TO DO: A faithful copy of the data, pictures omitted, is the required answer.

COLLECTED DATA:
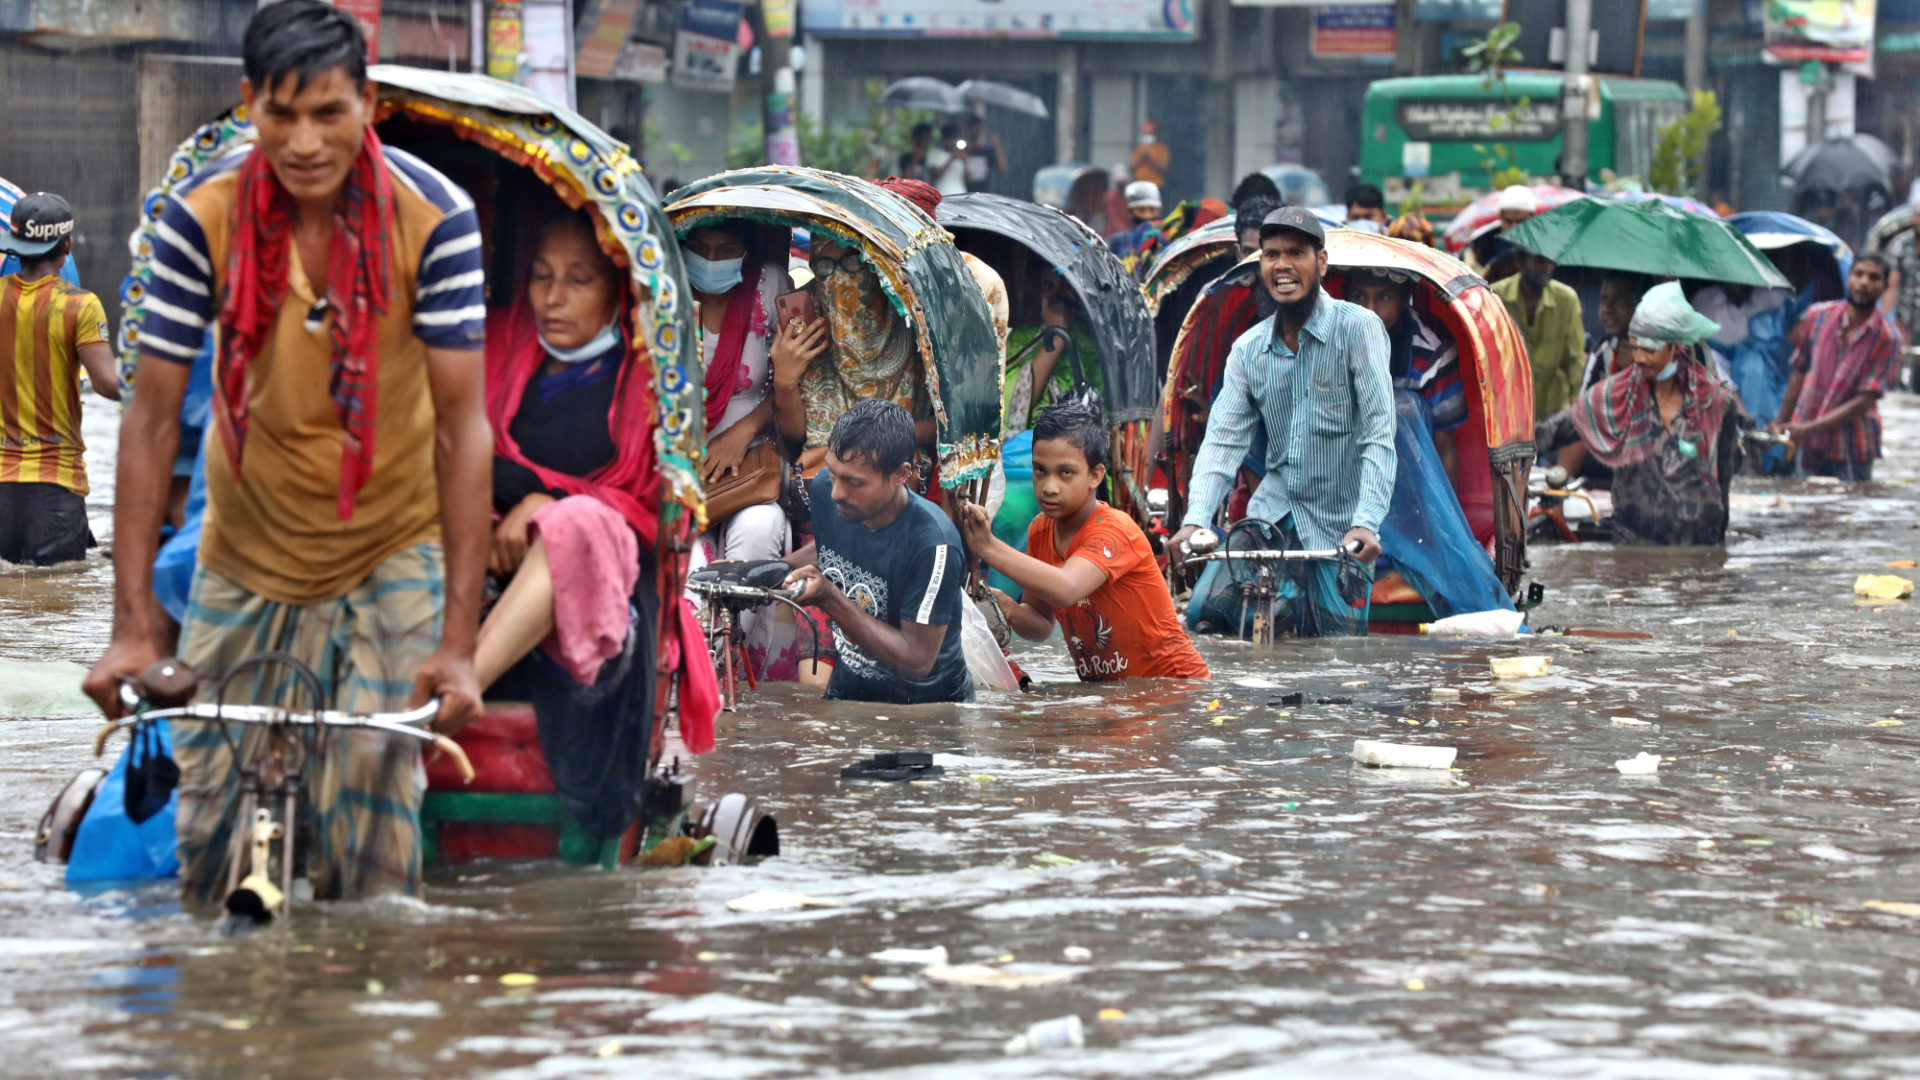 https://roarmag.org/wp-content/uploads/2020/12/Bangladesh-flooding-2K-1920x1080.jpg
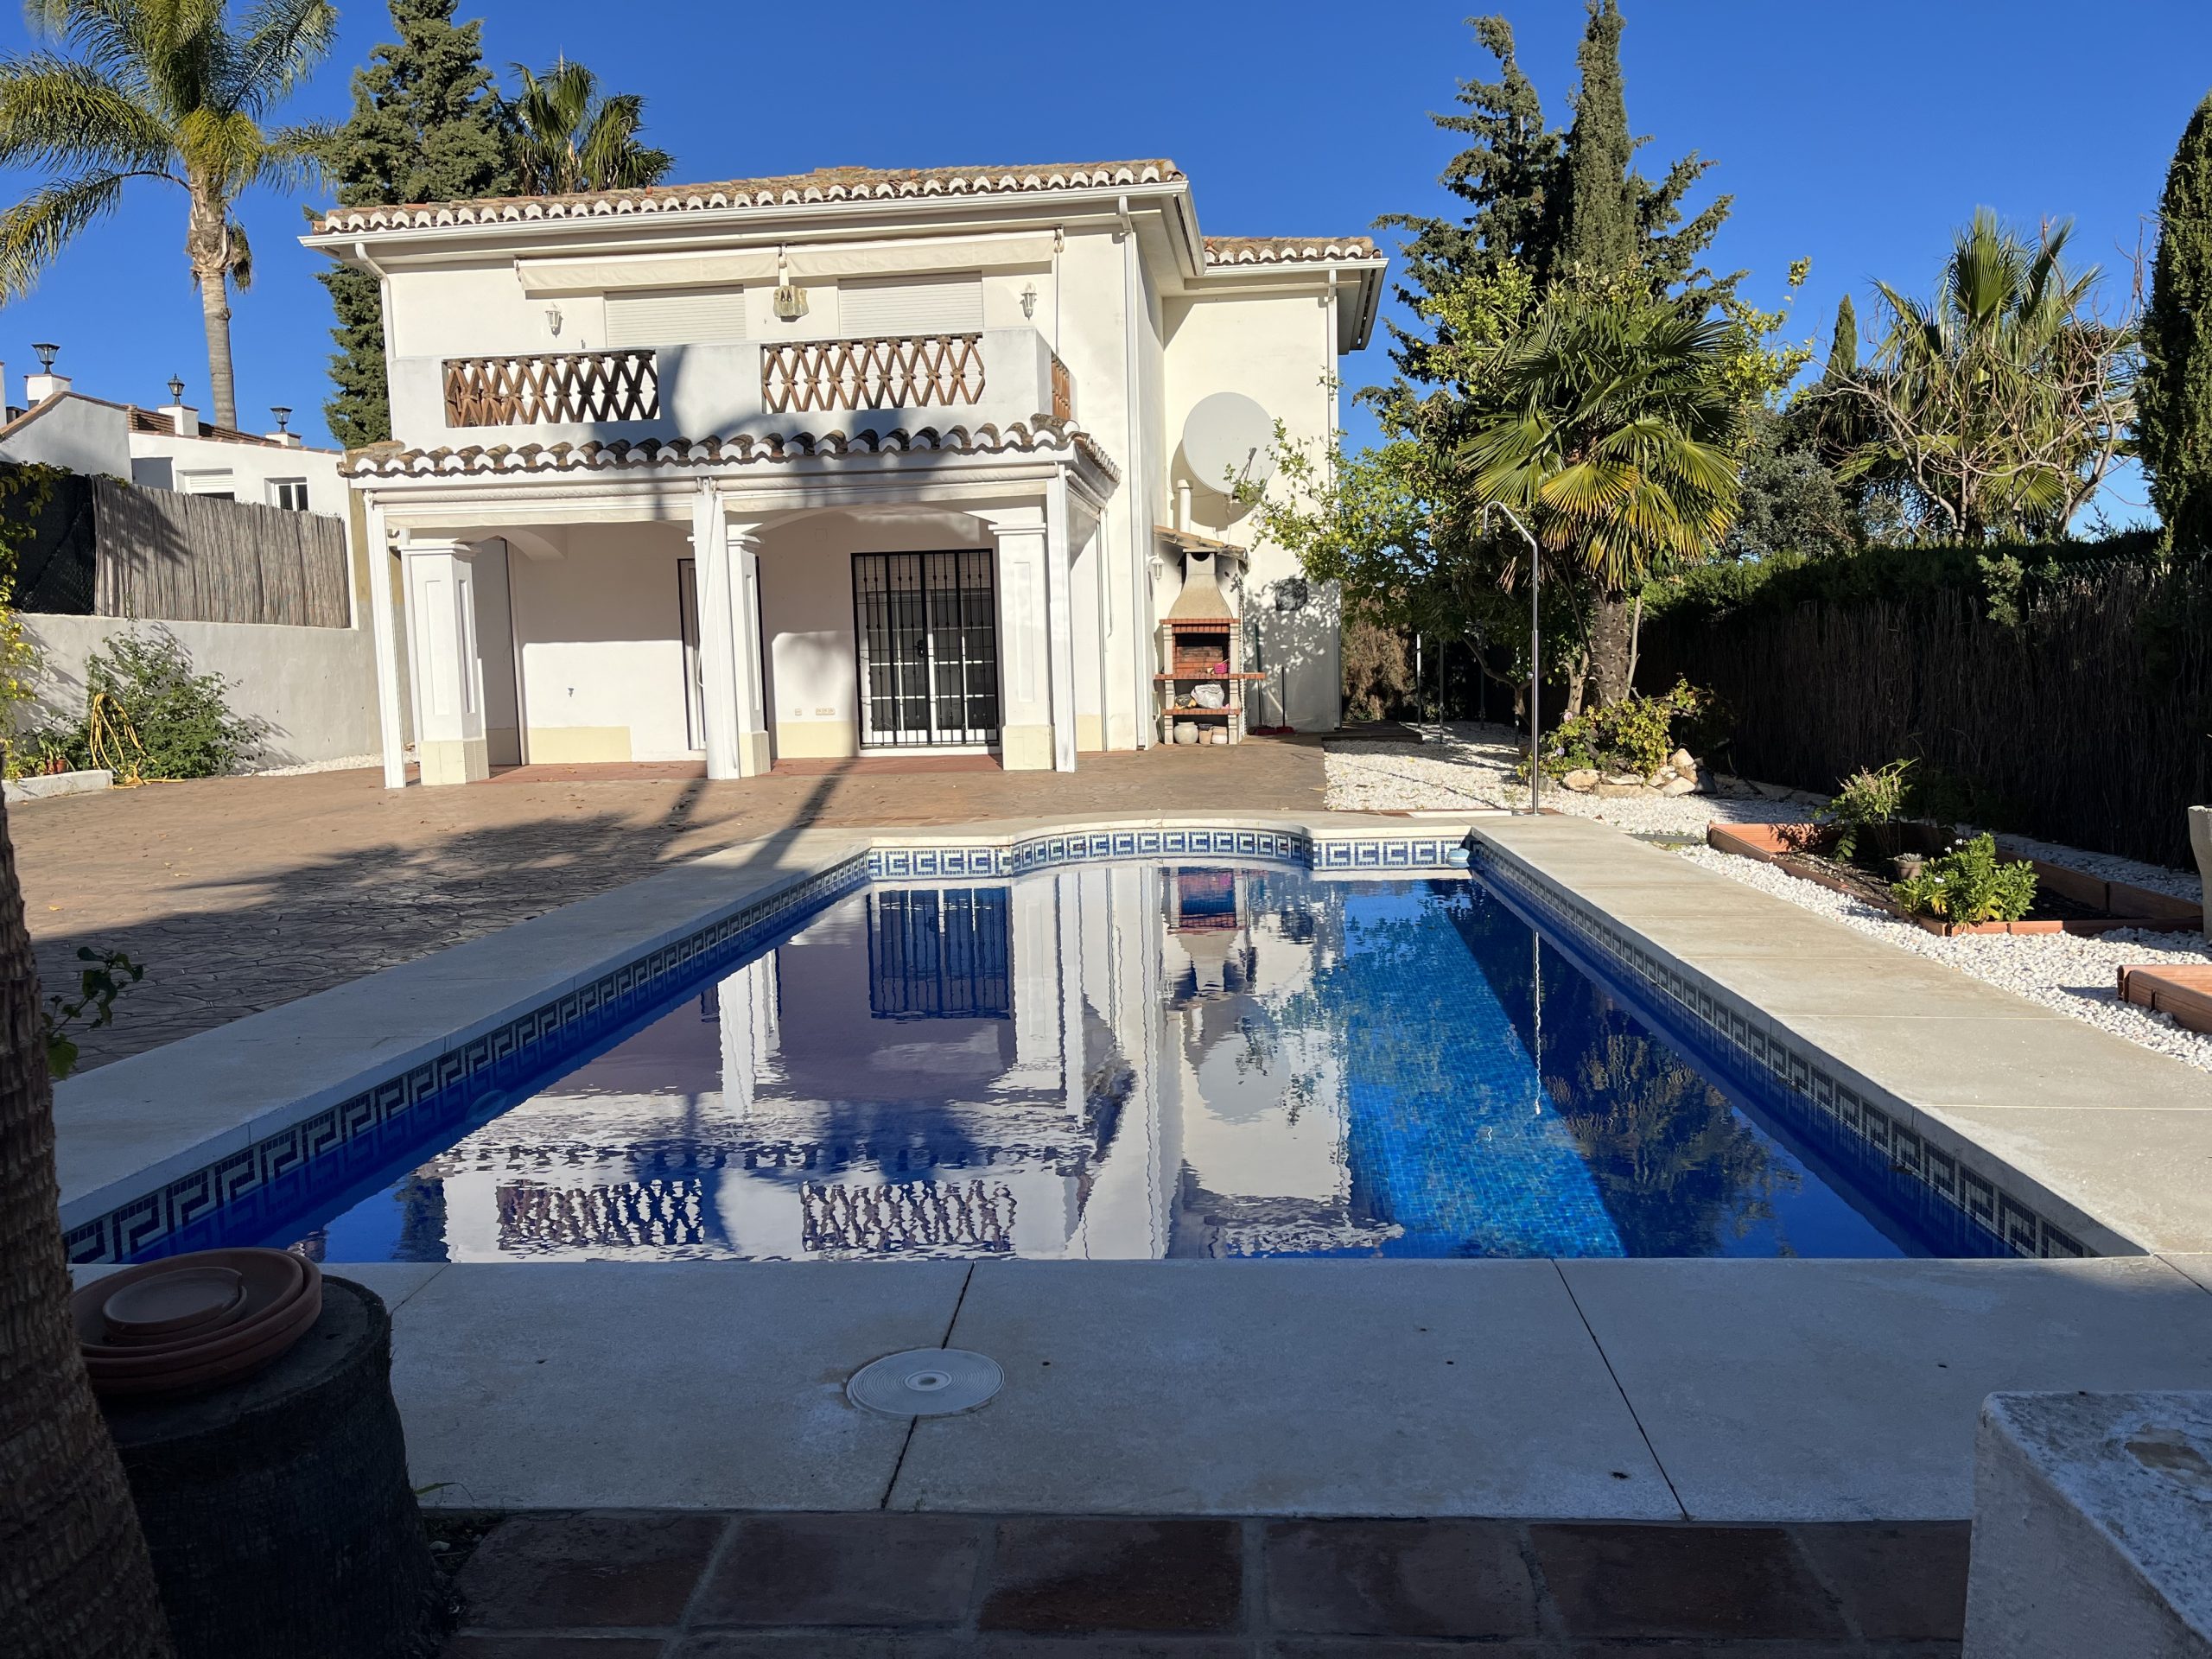 Ri 841 Five bedroom villa with pool in urbanisation near Coin – 1,800€
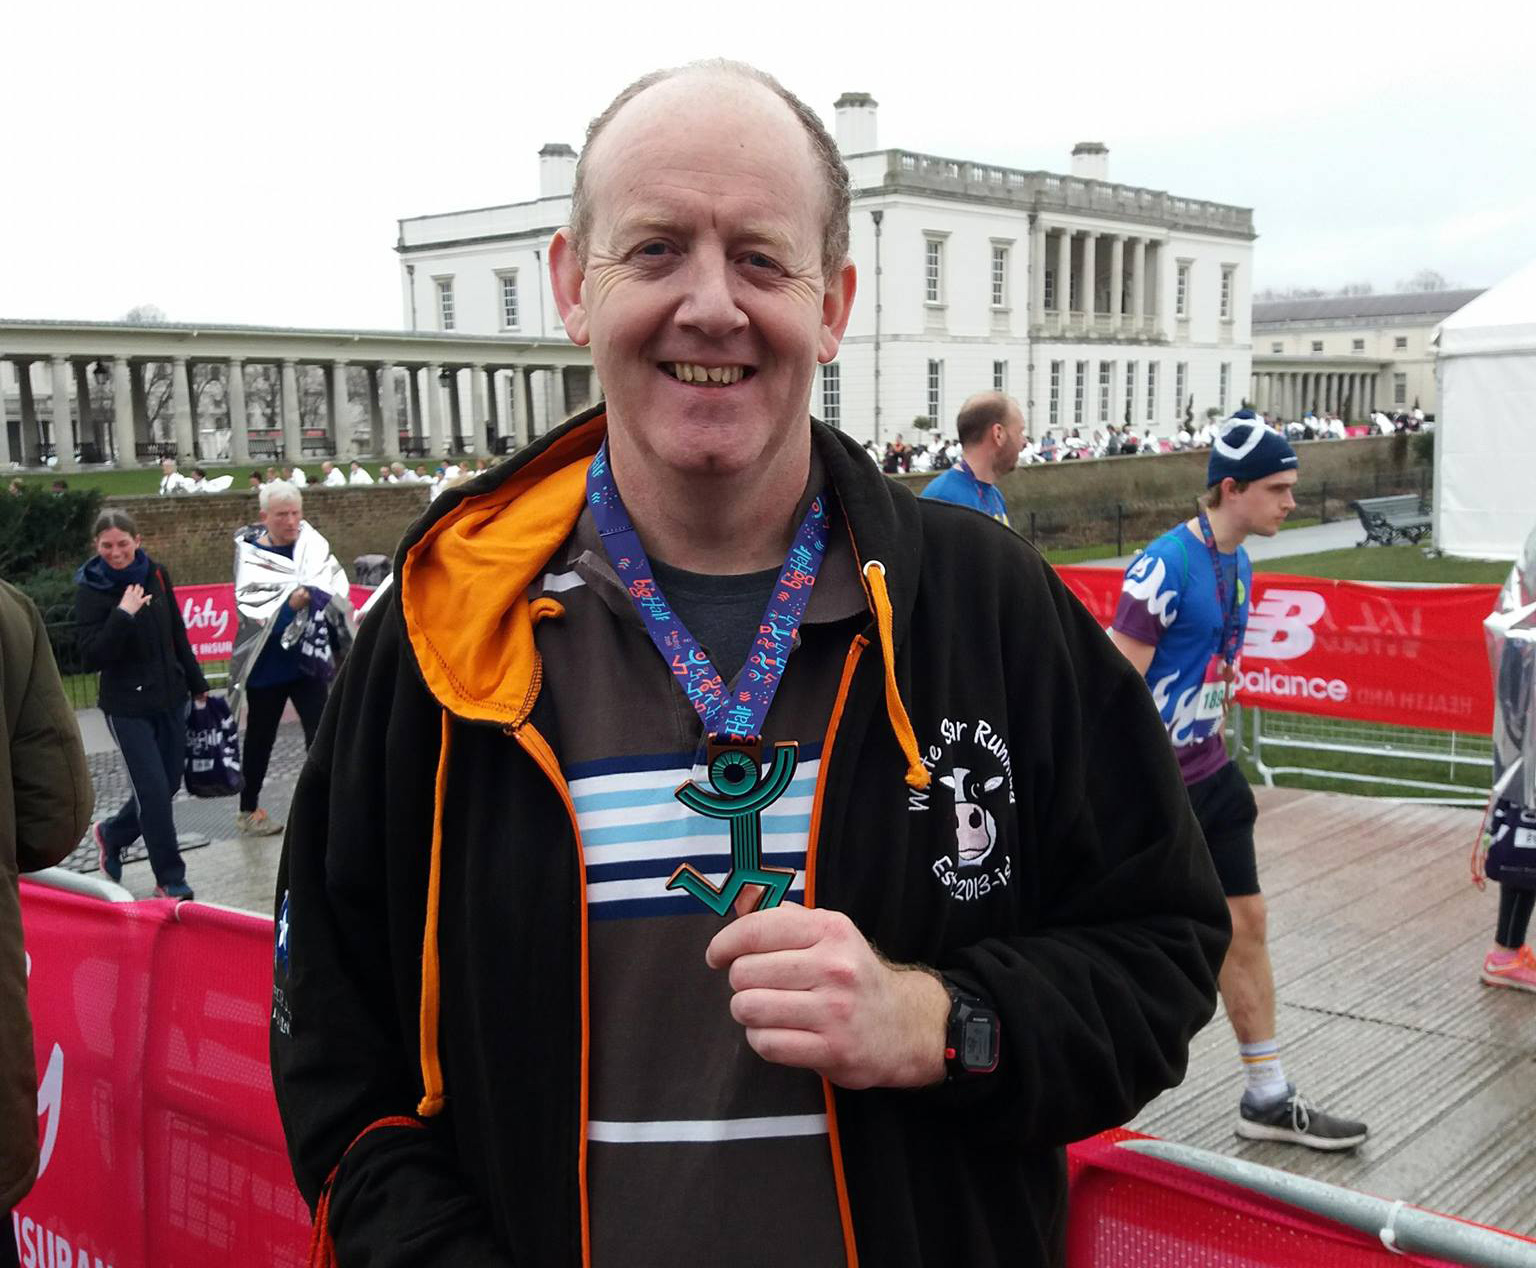 Gary Tyler at Big Half Marathon in London

TASK RESULT:
 https://roarmag.org/wp-content/uploads/2020/12/Bangladesh-flooding-2K-1920x1080.jpg
 Ri 841 Five bedroom villa with pool in urbanisation near Coin – 1,800€
 Gary Tyler at Big Half Marathon in London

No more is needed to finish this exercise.